An avid small aircraft fan, but unfortunately can't have any airplanes. So I stumbled onto a 1972 Triumph Bonneville in the woods around Union City a number of years ago. Had no idea what it even was, but a year and a half and about $5000 later, she was on the road roaring like an old bush plane. I was addicted! Have had the addiction ever since.  I've fantasized about "barn finds", but turns out I have more luck by word of mouth. A gentleman at my mothers funeral had heard I was interested in these bike, and offered me an invite to his house to look at his fathers old bike. Turns out, it was a 1966 Triumph TR6 in very good condition.  I got the bike for a song, and treasured it. I eventually had to sell the bike due to priorities...I still HATE myself for doing it.  
  In a small diner, I strike up a conversation with a gentleman in a mechanics uniform.  He says he has a 1976 BMW he would be interested in selling. I finally get a chance to drive over to his shop, where there sits a creamsicle.  I ask him how much, and nearly fell over trying to get to my bank before he changed his mind.  Garage now housing 4 bikes, Loving to work on them, AND ride to rally's designed just for these bikes....It's pretty awesome....


----------



## Capt Quirk (Feb 4, 2017)

That is so cool! My first bike was a 71 Trophy Trail enduro. And believe me, that bike was off road as much as it was on it. My dream would be a Vincent Black Shadow, but I love all the old bikes. When I was in Oklahoma, somebody had a pair of late 40's BMWs for sale, in parts, and a sidecar. That would have been a bargain at 15K. Finding these bikes is one thing, finding the parts for them is a little harder though.


----------



## Dr. Strangelove (Feb 4, 2017)

Capt Quirk said:


> That is so cool! My first bike was a 71 Trophy Trail enduro. And believe me, that bike was off road as much as it was on it. My dream would be a Vincent Black Shadow, but I love all the old bikes. When I was in Oklahoma, somebody had a pair of late 40's BMWs for sale, in parts, and a sidecar. That would have been a bargain at 15K. Finding these bikes is one thing, finding the parts for them is a little harder though.

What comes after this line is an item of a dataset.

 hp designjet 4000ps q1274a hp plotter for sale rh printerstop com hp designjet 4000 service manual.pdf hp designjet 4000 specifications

Found Hunter S. Thompson. I knew he didn't die!


----------



## Capt Quirk (Feb 4, 2017)

Dr. Strangelove said:


> Found Hunter S. Thompson. I knew he didn't die!

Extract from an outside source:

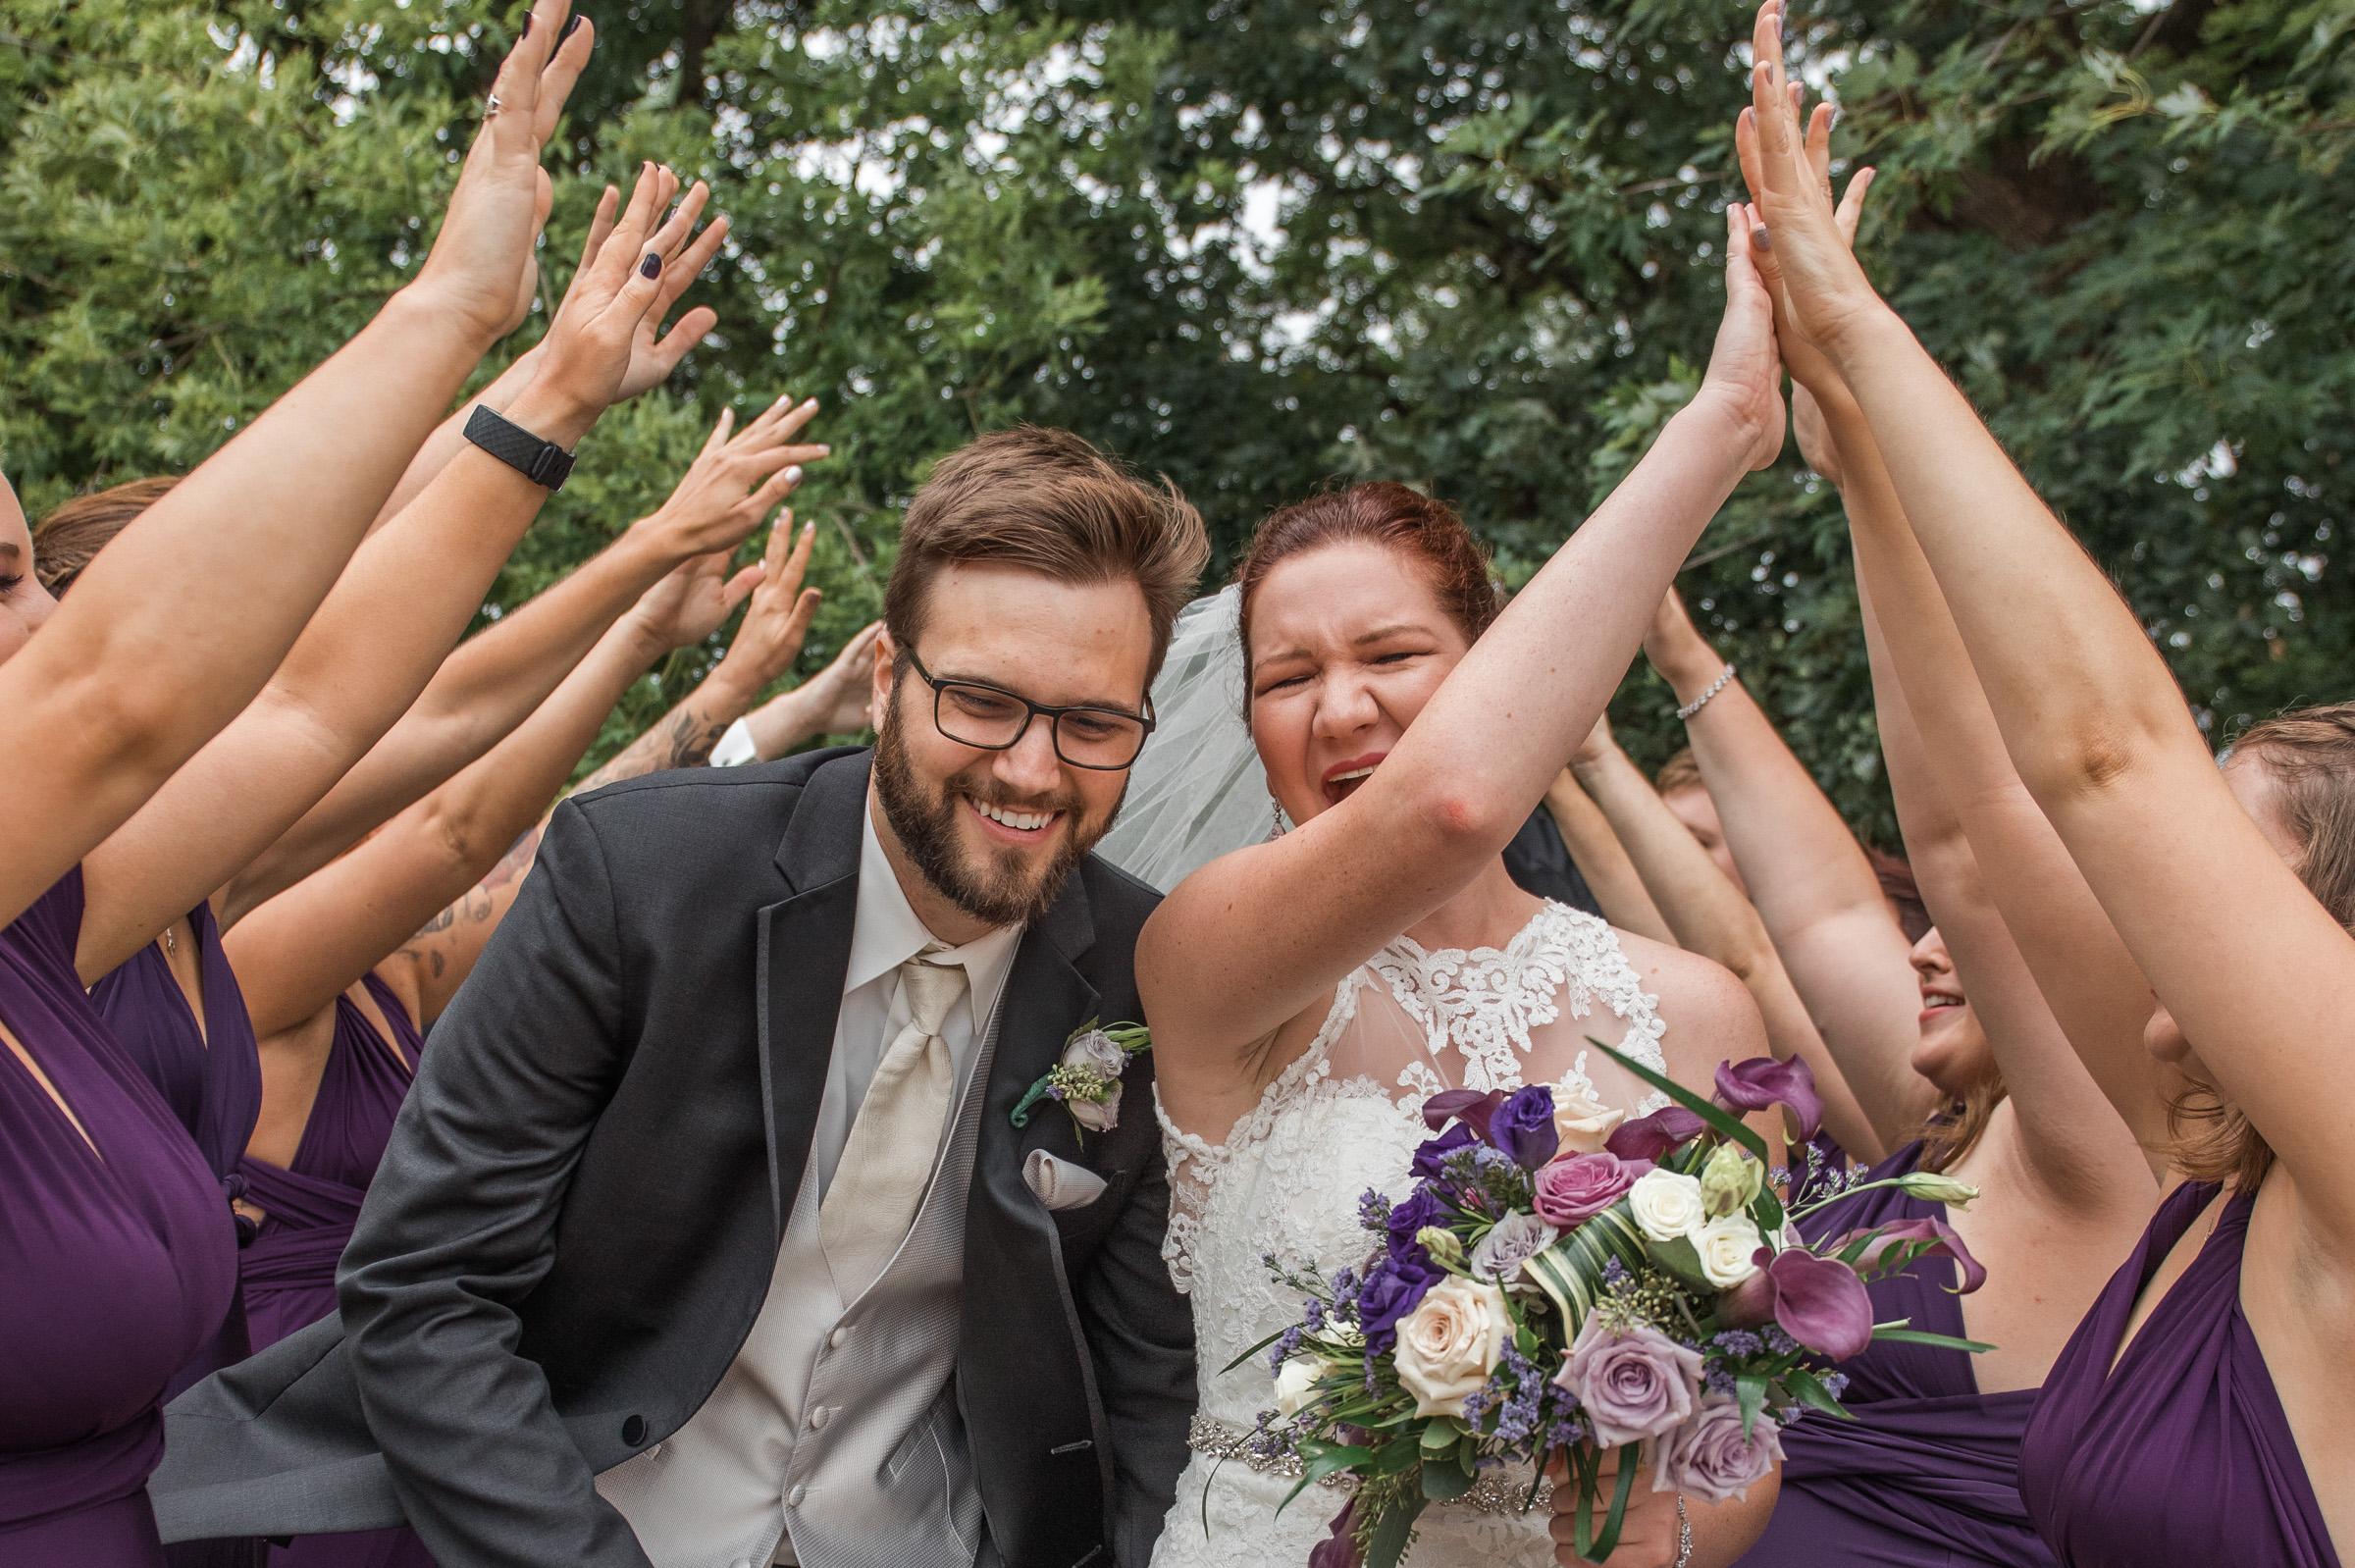 johnston_iowa_wedding_photographers-20.jpg

Then who's ashes did Johnny Depp spend 3mil to launch in a rocket?


----------



## Dr. Strangelove (Feb 4, 2017)

Capt Quirk said:


> Then who's ashes did Johnny Depp spend 3mil to launch in a rocket?



Probably just a giant... umm... smoking device...


----------



## Capt Quirk (Feb 4, 2017)

Dr. Strangelove said:


> Probably just a giant... umm... smoking device...

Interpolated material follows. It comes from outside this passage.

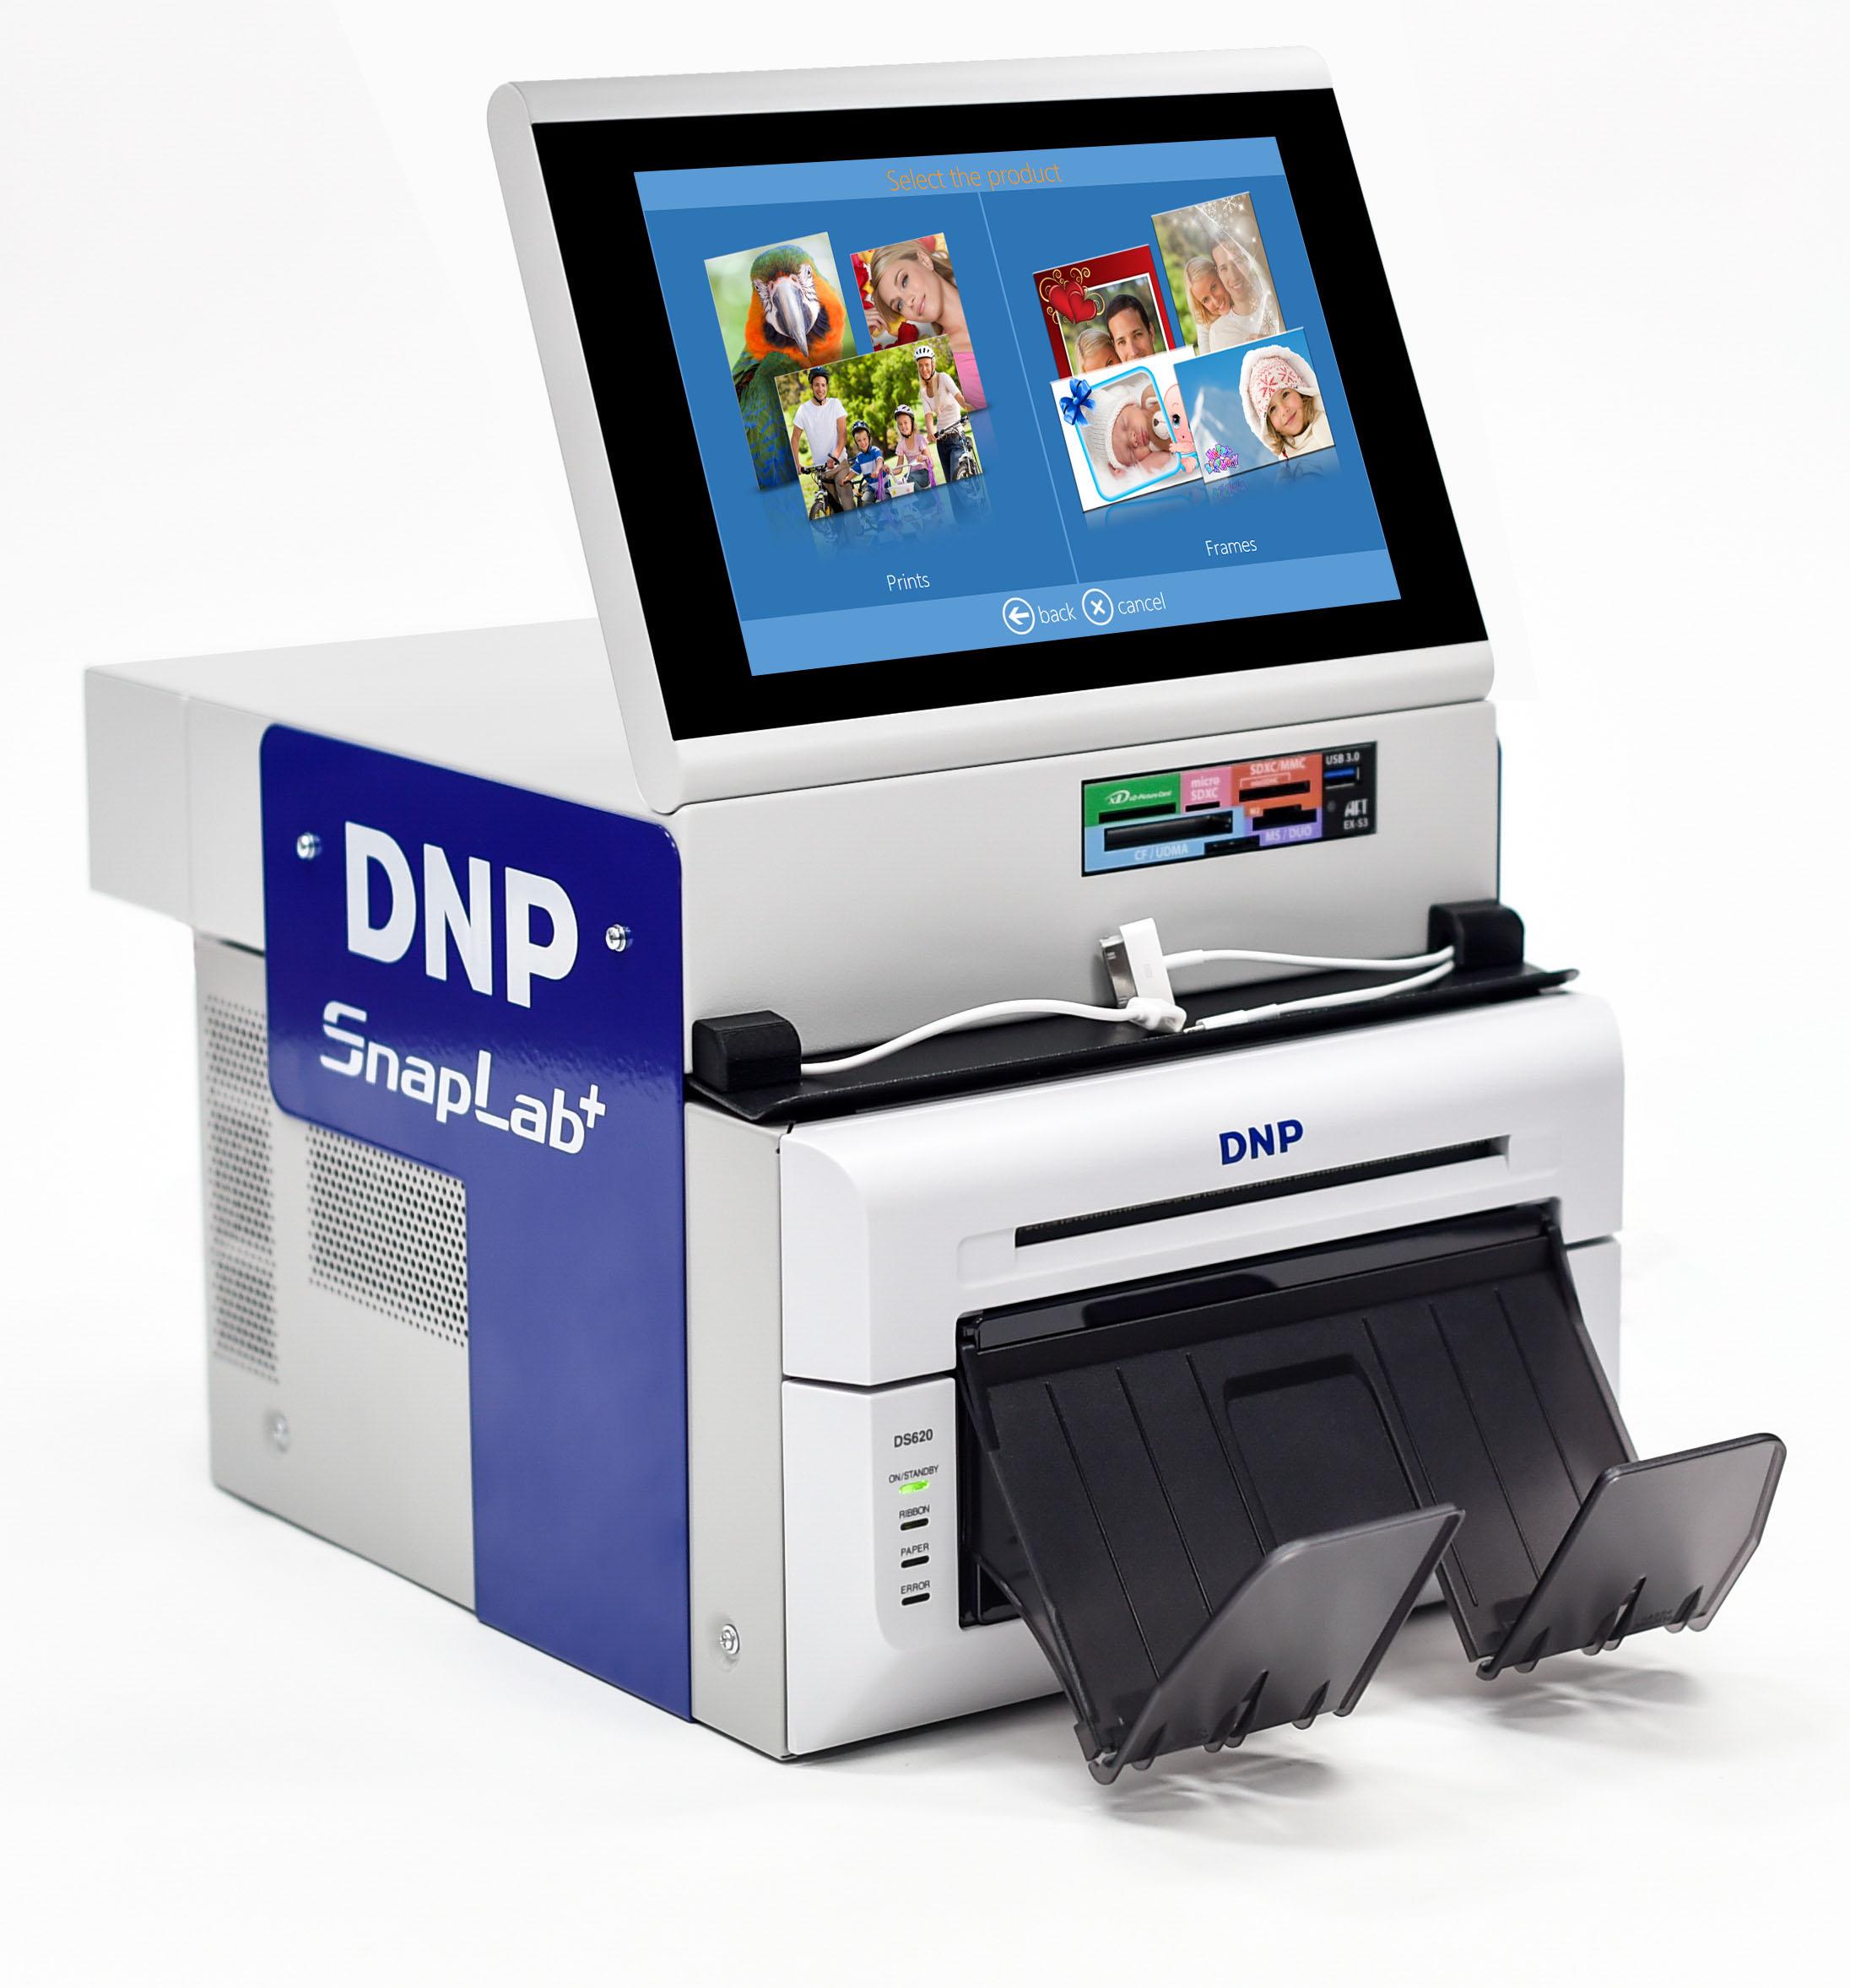 DNP SnapLab+ SL620A Compact Kiosk System (SL620A-Set)

I'm going out on a limb here, but was Thompson into Vincents? I think they were genius, well ahead of their time. Full dressed and out of the box, they were doing 140mph.


----------



## Artfuldodger (Feb 4, 2017)

Richard Thompson was. This has always been one of my favorite songs;


----------



## Dr. Strangelove (Feb 4, 2017)

Thompson was a huge fan of Vincent, particularly the Black Shadow, which was (If I recall from his writings) the fastest production bike of the time (late 60's, early 70's). 

Thompson was a genius as well, a very gifted writer, but his drug and alcohol abuse both in real life and his writings made it hard to take him seriously and his work suffered. His early works are brilliant, but his later works became drug-addled screeds. Still, he is one of my favorite authors.


----------



## Capt Quirk (Feb 5, 2017)

Vincent was indeed the fastest bike, well after it's demise in the 50's. Sort of like the Edsel, it was just built too well. Harley couldn't even think about touching them in a straight run, but the girder front end made things a little squirrely. It wasn't until 69 when Honda put out the 750 Four, or maybe the Kawasaki H3 that a production bike could break the records.


----------



## injun joe (Feb 5, 2017)

When I was in high school, my future-to-be wife's father had brought a 1972 Norton  Commando back from Europe. It was fire engine red with a black featherbed frame and a full racing fairing, upper and lower. I was riding an RD 350 at the time (junior in high school) and oh how I coveted that Norton.
He ended up selling it while I was away at college. I don't believe I ever quite forgave him.


----------



## injun joe (Feb 5, 2017)

Did anyone happen to catch the Mecum Motorcycle auction from Las Vegas that was on TV last week?
Some beautiful old bikes including Henderson, Vincent , Indian square fours, as well as a ton of sweet board racers and Italian 2-stroke race bikes from the 50's and 60's.


----------